NEW YORK (Reuters) - The state of New York sued a breast cancer charity on Tuesday, accusing it of soliciting more than $9 million and spending virtually none of it on the cause.
The Long Island-based Coalition Against Breast Cancer raised $9.1 million from public donations over the past five years, but nearly all the money was used to pay fundraiser fees, salaries, benefits packages, and other personal goods, New York Attorney General Eric Schneiderman said.
The Coalition Against Breast Cancer and its for-profit fundraiser, Campaign Center, were accused of violations of the New York state not-for-profit and charitable solicitations laws. Both groups were not immediately available for comment.
“By using a charity as a personal cash machine, the Coalition Against Breast Cancer and Campaign Center shamelessly exploited New Yorkers’ natural sympathies and generosity,” Schneiderman said in a statement.
He said donors were falsely told their money would be used to fund breast cancer research, mammogram screenings through a mobile van, and support seminars and forums for survivors and their families. The group is also accused of advertising bogus ties with the Memorial Sloan-Kettering Cancer Center.

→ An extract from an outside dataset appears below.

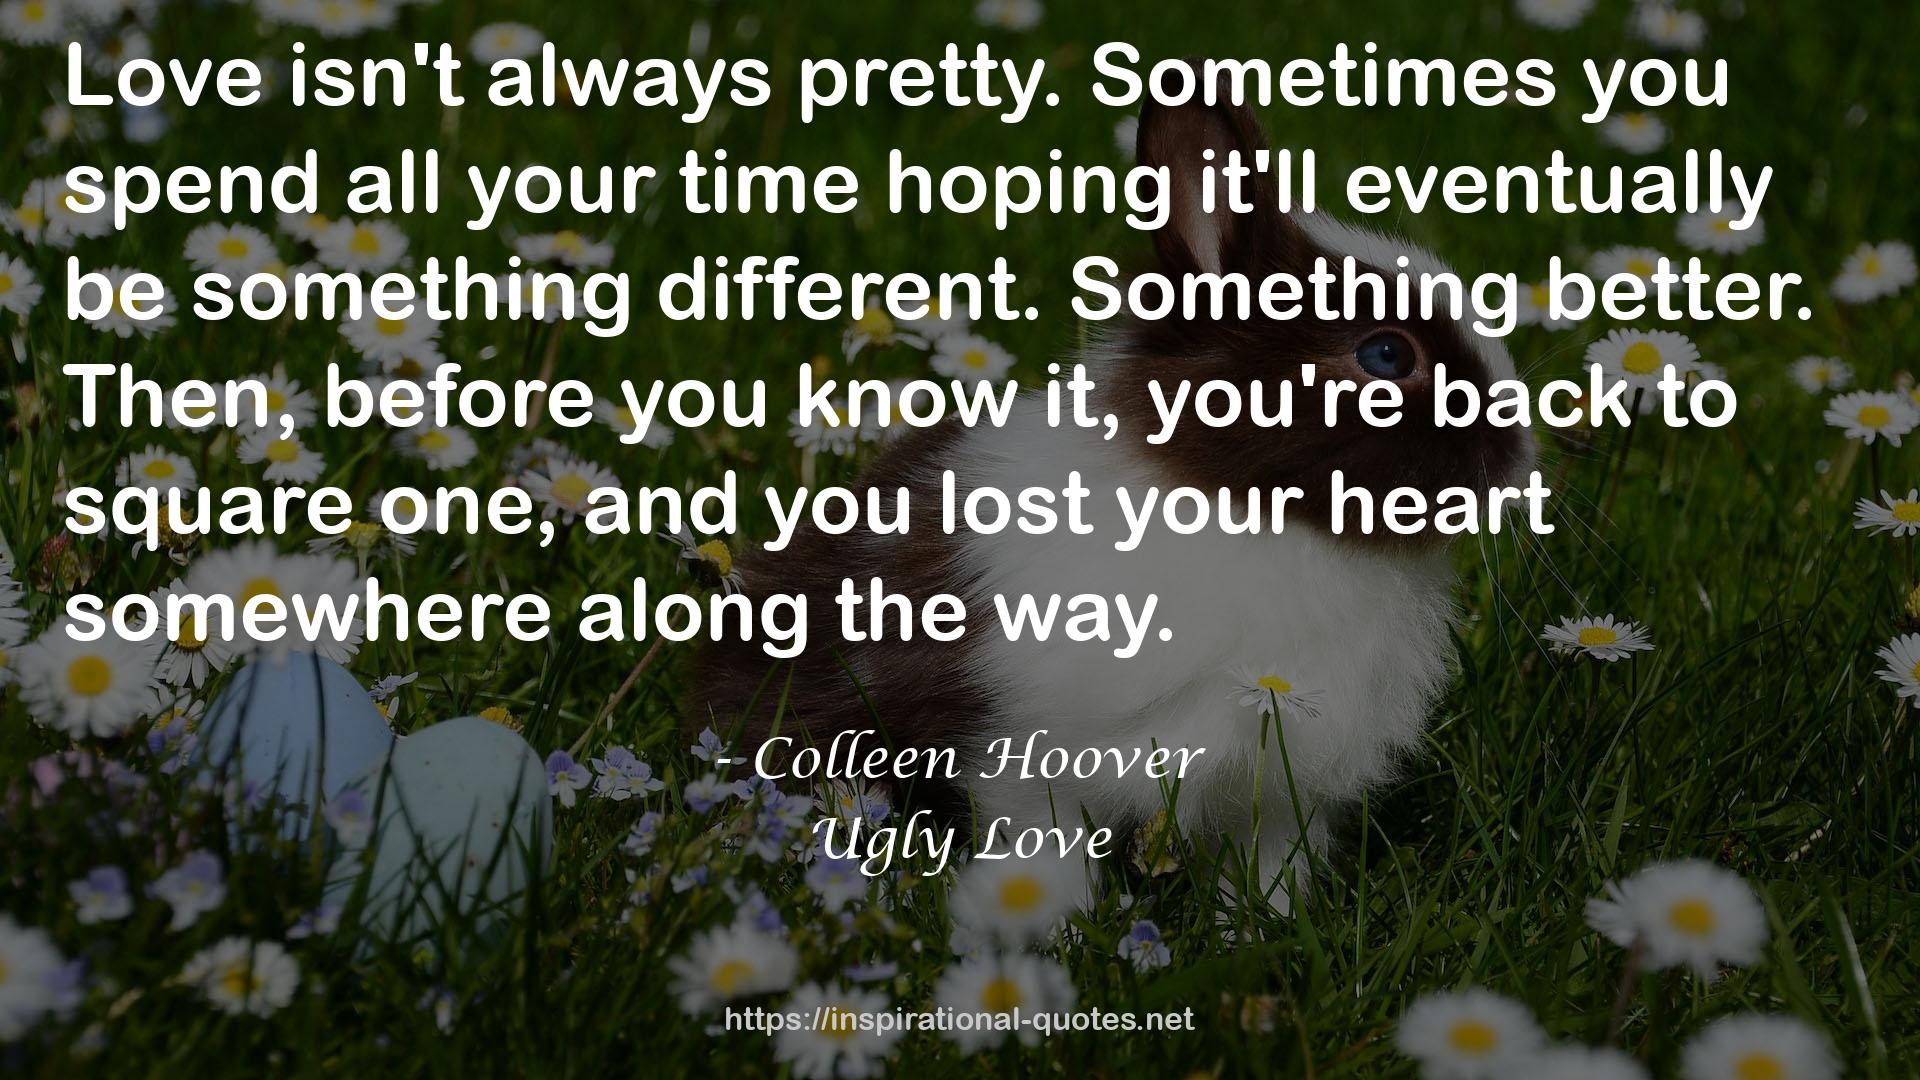 Ugly Love QUOTES

Schneiderman is seeking to have the charity shut down and its directors held financially accountable.
According to the lawsuit, the Coalition Against Breast Cancer spent less than 4 percent of the money it received over the past five years on the charitable programs it promoted.
“Instead of benefiting breast cancer victims and their families, millions of dollars were misused for personal benefit. This type of scam will not be tolerated in New York, and my office will continue its work to stop charities fraud and hold those who commit it accountable,” Schneiderman said.
U.S. tax authorities grant groups charitable status, exempting them from taxes, but most laws governing nonprofits are at state level.